World Economy

Slowing German Inflation Boosts Case for ECB Action

Germany is the latest eurozone country to fall prey to the forces of deflation, as it saw the lowest rise in consumer prices since October 2009.

Monthly consumer price inflation was just 0.1 percent, down from 0.5 percent in November and missing economists’ expectations. Economists had expected inflation of 0.2 percent, Business Recorder reported Monday.

The sharp slowdown in inflation in Europe’s biggest economy will fuel fears that prices across the entire eurozone could begin falling and tip the region into deflation - a sustained and widespread drop in prices that hampers economic activity and could lead to job losses.

While falling prices may sound good for consumers, deflation can trigger a vicious spiral in which businesses and households delay purchases, throttling demand and causing companies to lay off workers, AFP said.

The news is likely to put further pressure on European Central Bank president Mario Draghi to inject further stimulus into the flailing monetary bloc when the ECB meets on January 22.

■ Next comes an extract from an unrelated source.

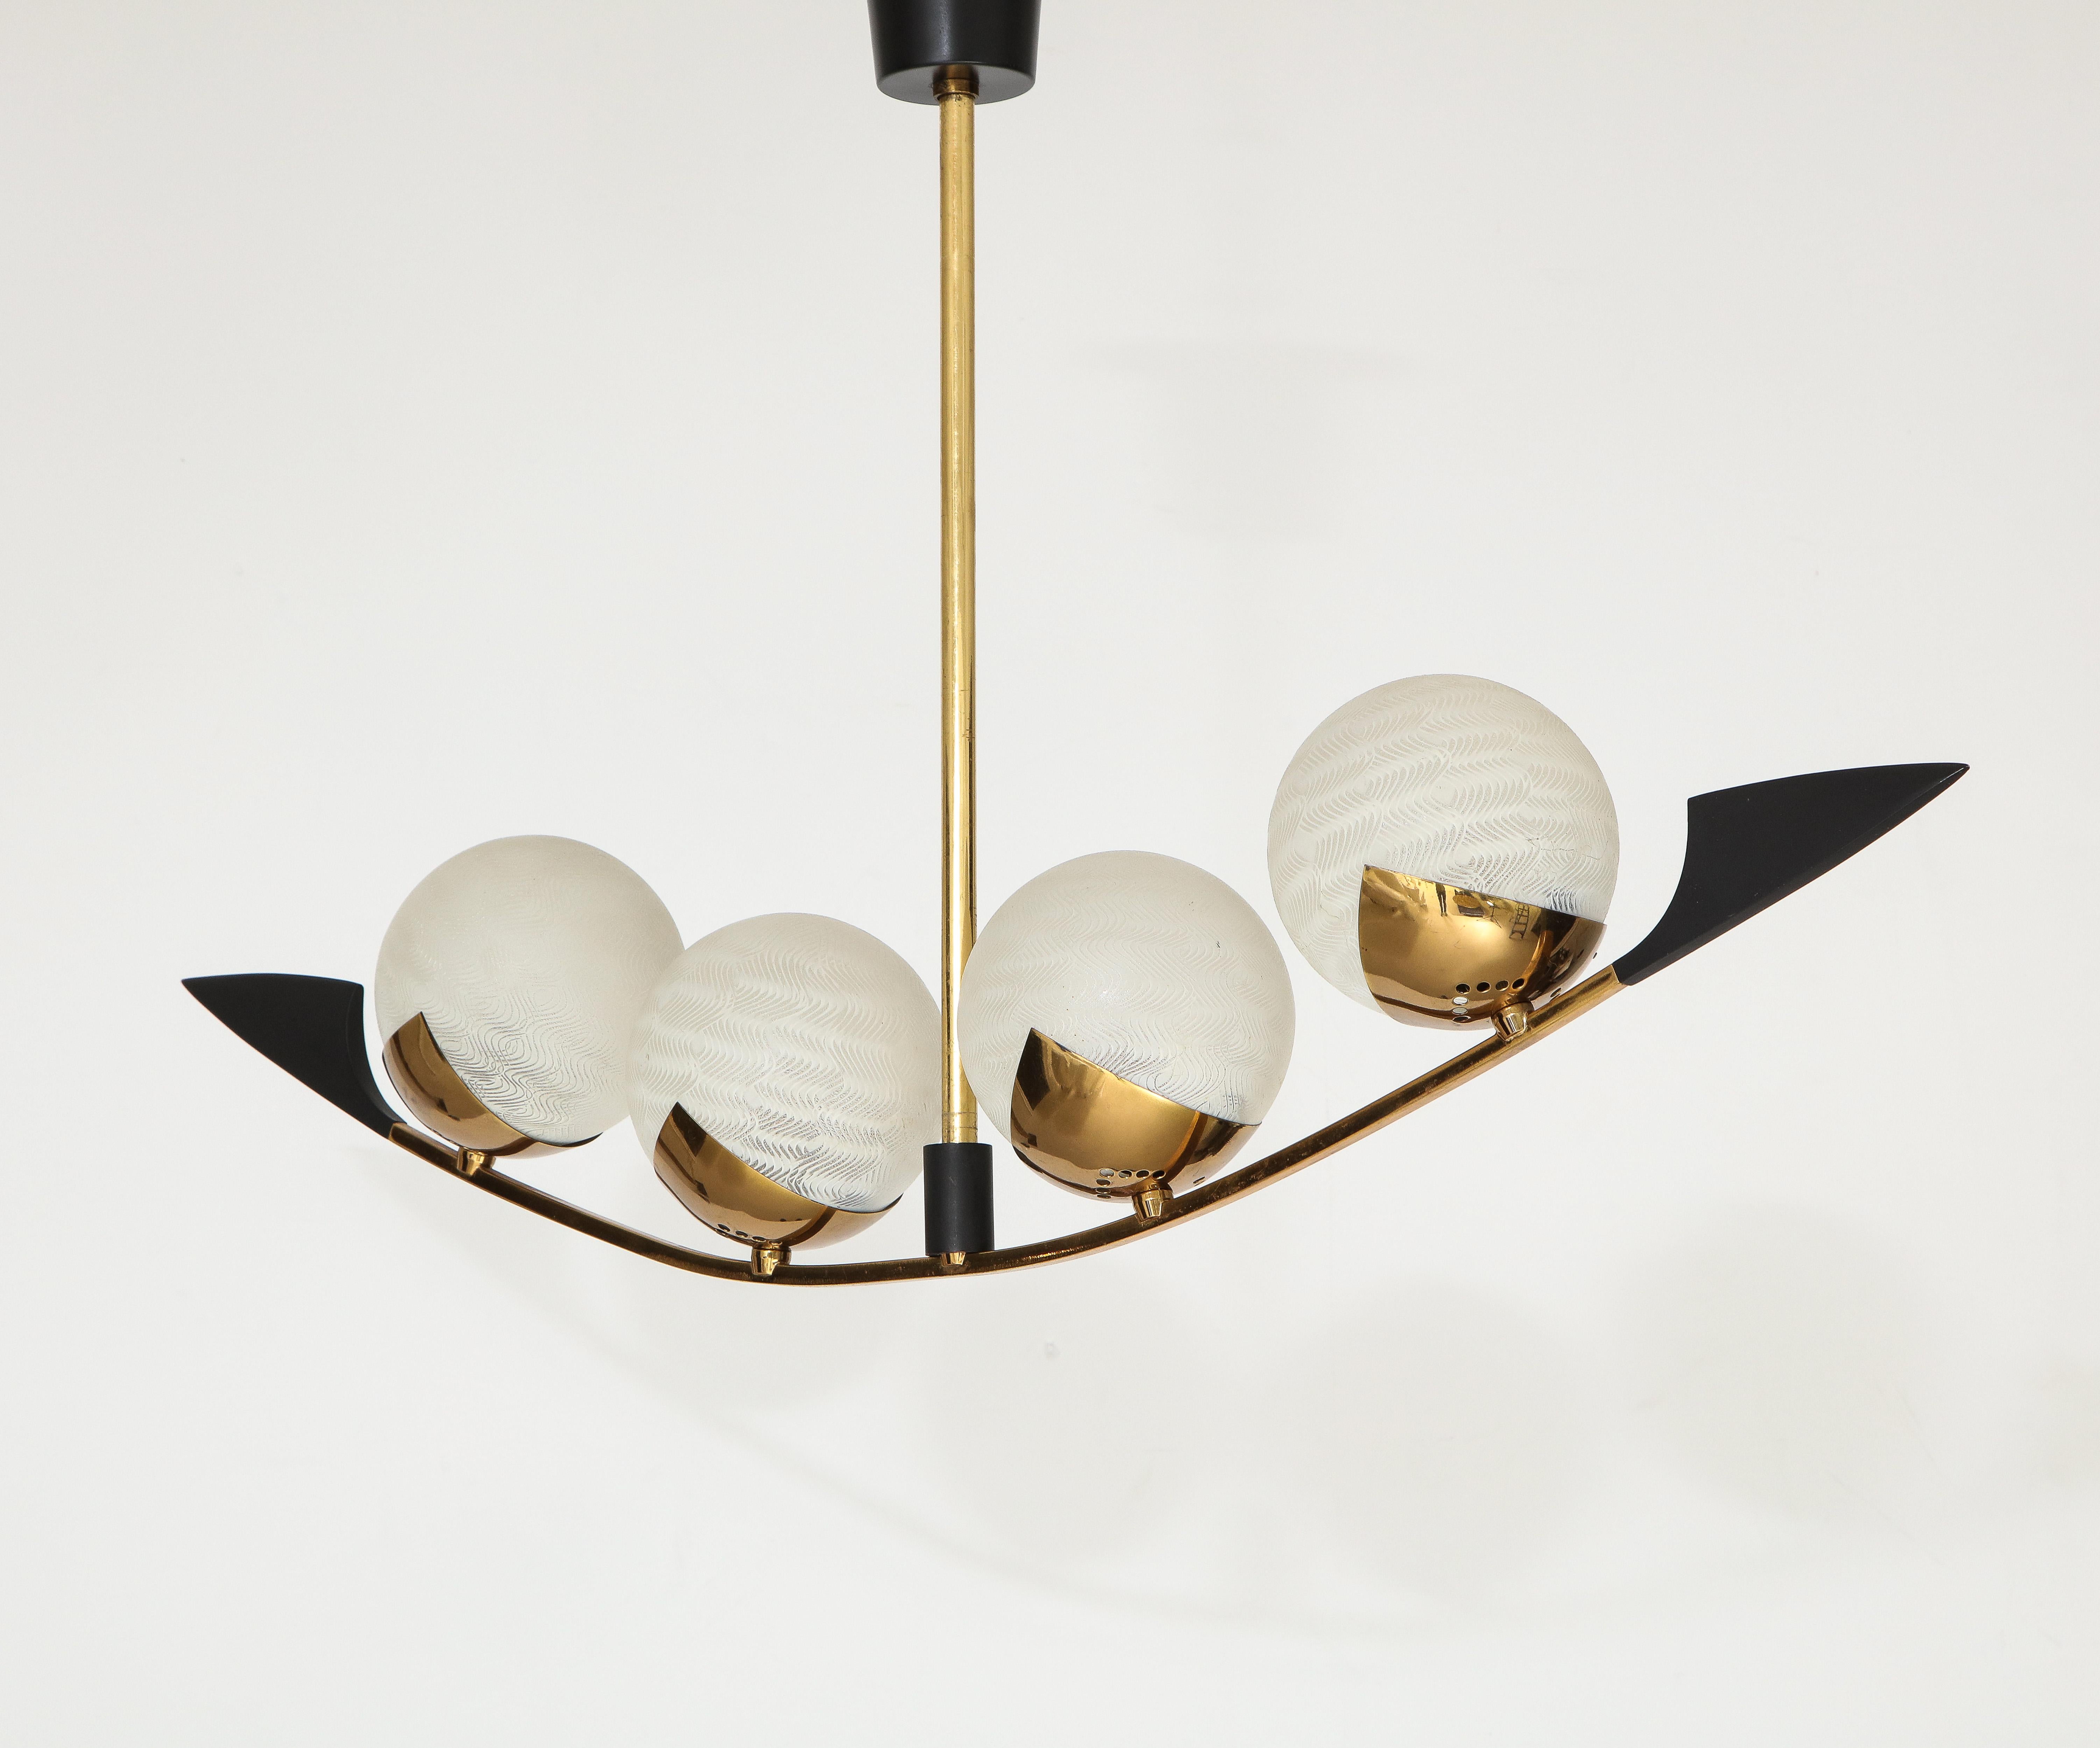 A wonderful French 1960s mid century 4 light chandelier done in polished brass and black enamel with decorative frosted globes by Lunel. Rewired. 4 candelabra 60 watt sockets.

Regional inflation data for the country also pointed to disinflationary forces gripping the country.

Consumer prices in North Rhine-Westphalia eked up by just 0.1 percent in December, down sharply from a 0.7 percent in the previous month, while inflation in Bavaria rose by 0.3 percent year-on-year, down from 0.8 percent.

Speaking to a German newspaper last week, Draghi admitted “the risk that we do not fulfill our mandate of price stability is higher than six months ago.”

His comments helped send the euro to a nine-year low against the dollar in Monday’s trading.

Deflation increases the debt burden on governments and encourages consumers to delay spending. Falling global energy prices contributed to Germany’s overall national inflation rate to drop to 0.2 percent in December, down from 0.6 percent in the previous month.

  Yields Sink

Government bond yields fell to new record lows across the eurozone on Friday on expectations the European Central Bank is set to fight slowing inflation with new stimulus measures in the new year. German, French, Italian, Spanish, Irish, Dutch, Portuguese, Belgian and Finnish yields hit record lows after ECB President Mario Draghi said the bank would act to keep consumer prices stable.

German five-year yields fell below zero and 10-year Bund yields fell below 0.50 percent for the first time. The gap between 10-year Spanish and German yields fell below 100 basis points for the first time since 2010.

Economists polled by Reuters expect the eurozone to report consumer prices fell in December by 0.1 percent when data is released on January 7. That could prompt the ECB to begin a program of sovereign bond purchases – so-called quantitative easing – as early as its first meeting, on January 22.

“It is quite clear that the ECB is preparing to do more and expectations are centering on the January meeting,” said Nordea strategist Jan von Gerich. “The way markets have developed, it is a clear signal that the ECB cannot afford to wait that much longer.” High-yielding bonds in the bloc’s southern periphery are expected to outperform those with lower yields if the ECB launches such a scheme. Yields fall as prices rise.

Italian and Spanish 10-year yields fell about 10 basis points to 1.77 percent and 1.52 percent. Portuguese yields dropped 23 bps to 2.47 percent. Bund yields dipped 5 bps to 0.49 percent. Greek debt yields – shaken last week by the prospect of elections this month that could catapult the anti-austerity Syriza party to power - fell 41 bps to 9.23 percent.